At the Effective Time, each issued and outstanding Share held by Mr. Tauscher was converted into the right to receive $45.25 in cash, without interest.
At the Effective Time, each option to purchase Shares was cancelled and converted into the right to receive an amount in cash equal to the product obtained by multiplying (i) the number of Shares subject to such option immediately prior to the Effective Time by (ii) the excess, if any, of $45.25 over the exercise price per Share of such option, less applicable taxes required to be withheld with respect to such payment.

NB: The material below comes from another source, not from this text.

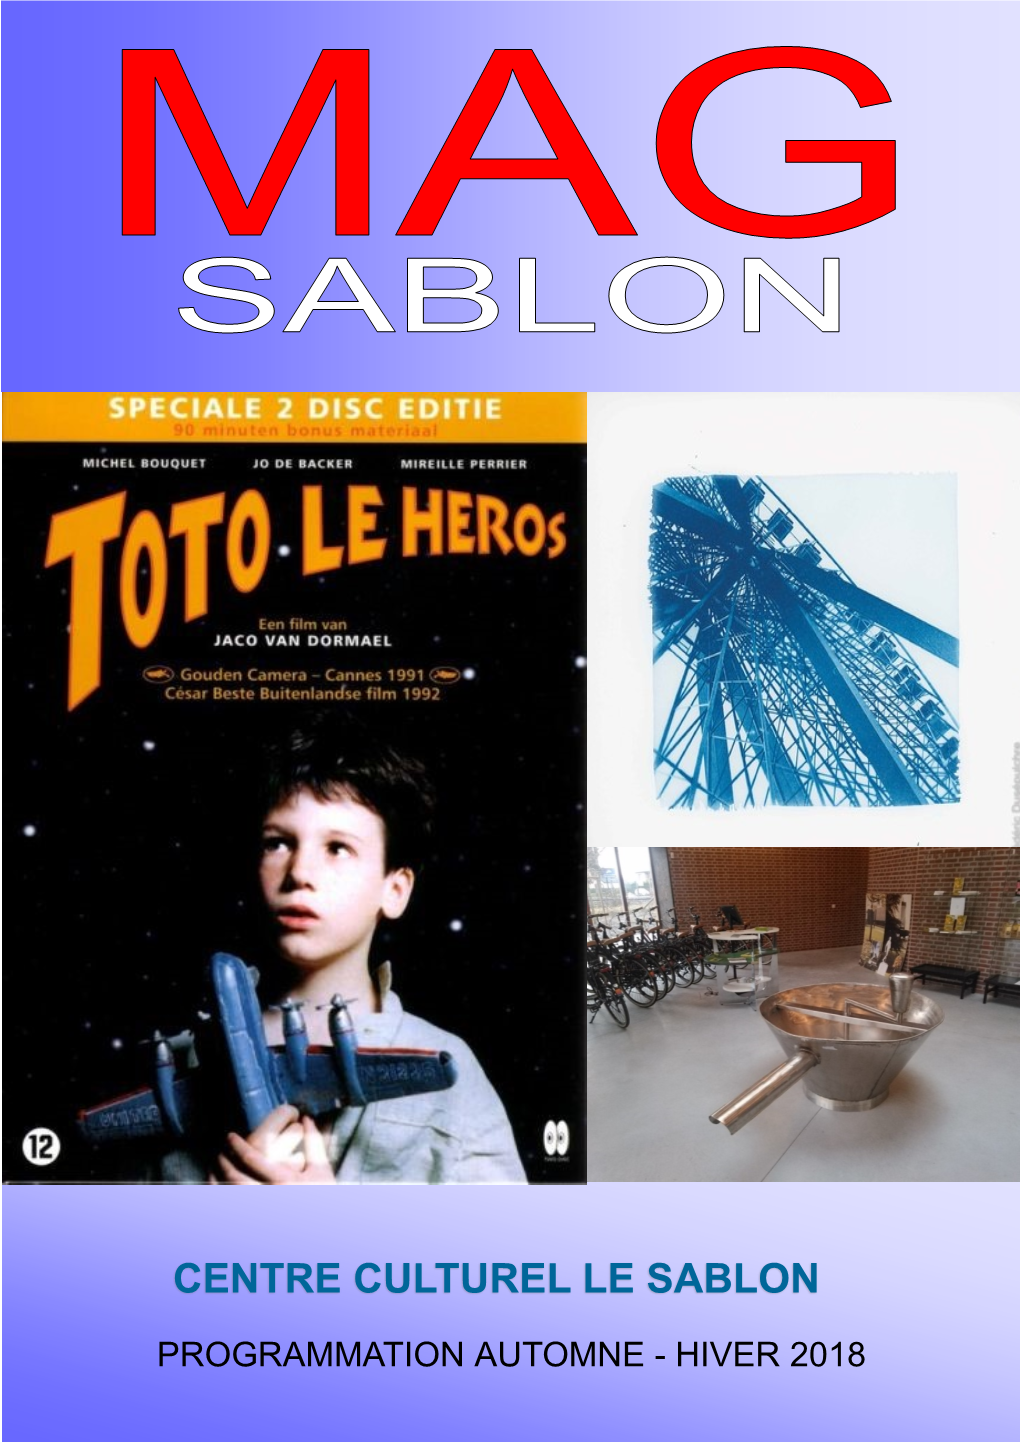 Centre Culturel Le Sablon

At the Effective Time, each option to purchase Shares was exchanged on a pre-tax basis for options to purchase shares of Parent Series B common stock, par value $0.001 per share.
At the Effective Time, each stock appreciation right was cancelled and converted into the right to receive an amount in cash equal to the product obtained by multiplying (i) the number of Shares subject to such stock appreciation right immediately prior to the Effective Time by (ii) the excess, if any, of $45.25 over the exercise price per Share of such stock appreciation right, less applicable taxes required to be withheld with respect to such payment.

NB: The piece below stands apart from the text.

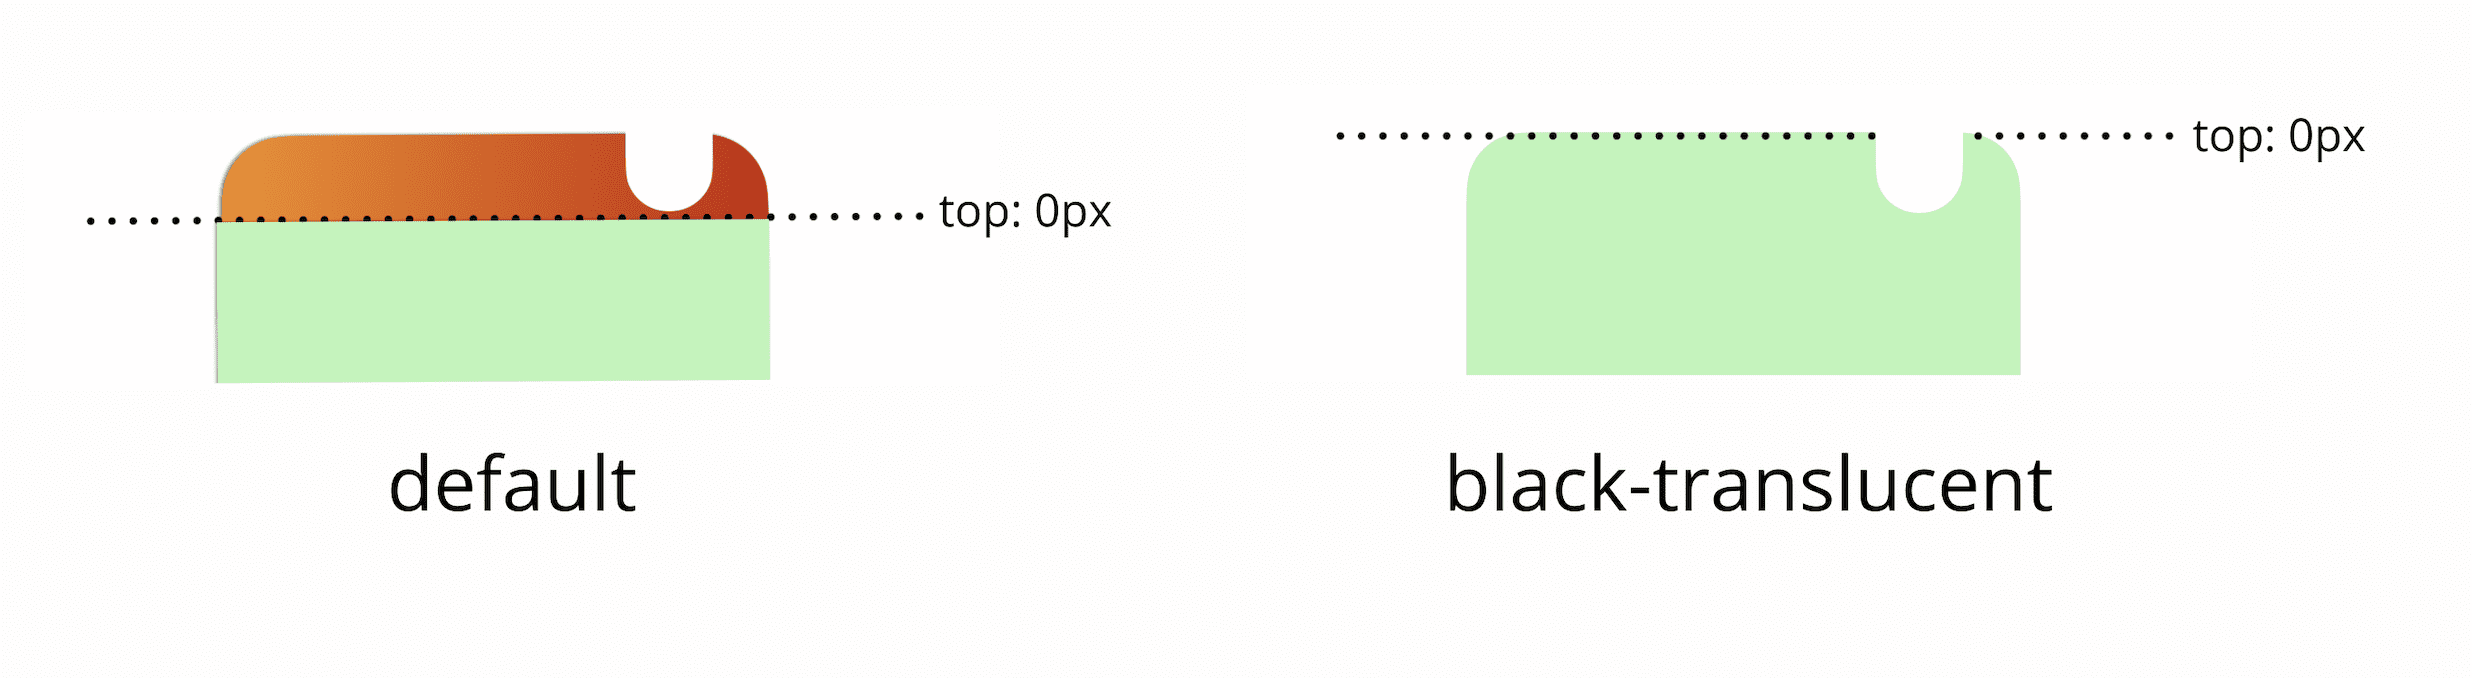 视口的顶部 0px 默认位于状态栏下方；如果您添加黑色半透明元标记，视口顶部 0px 将与屏幕的实际顶端匹配

At the Effective Time, each outstanding performance share award was cancelled and converted into an amount in cash equal to the product obtained by multiplying (i) the total number of Shares subject to such performance share award immediately prior to the Effective Time (determined based on actual performance for completed performance periods and target performance for incomplete performance periods) by (ii) $45.25, less applicable taxes required to be withheld with respect to such payment.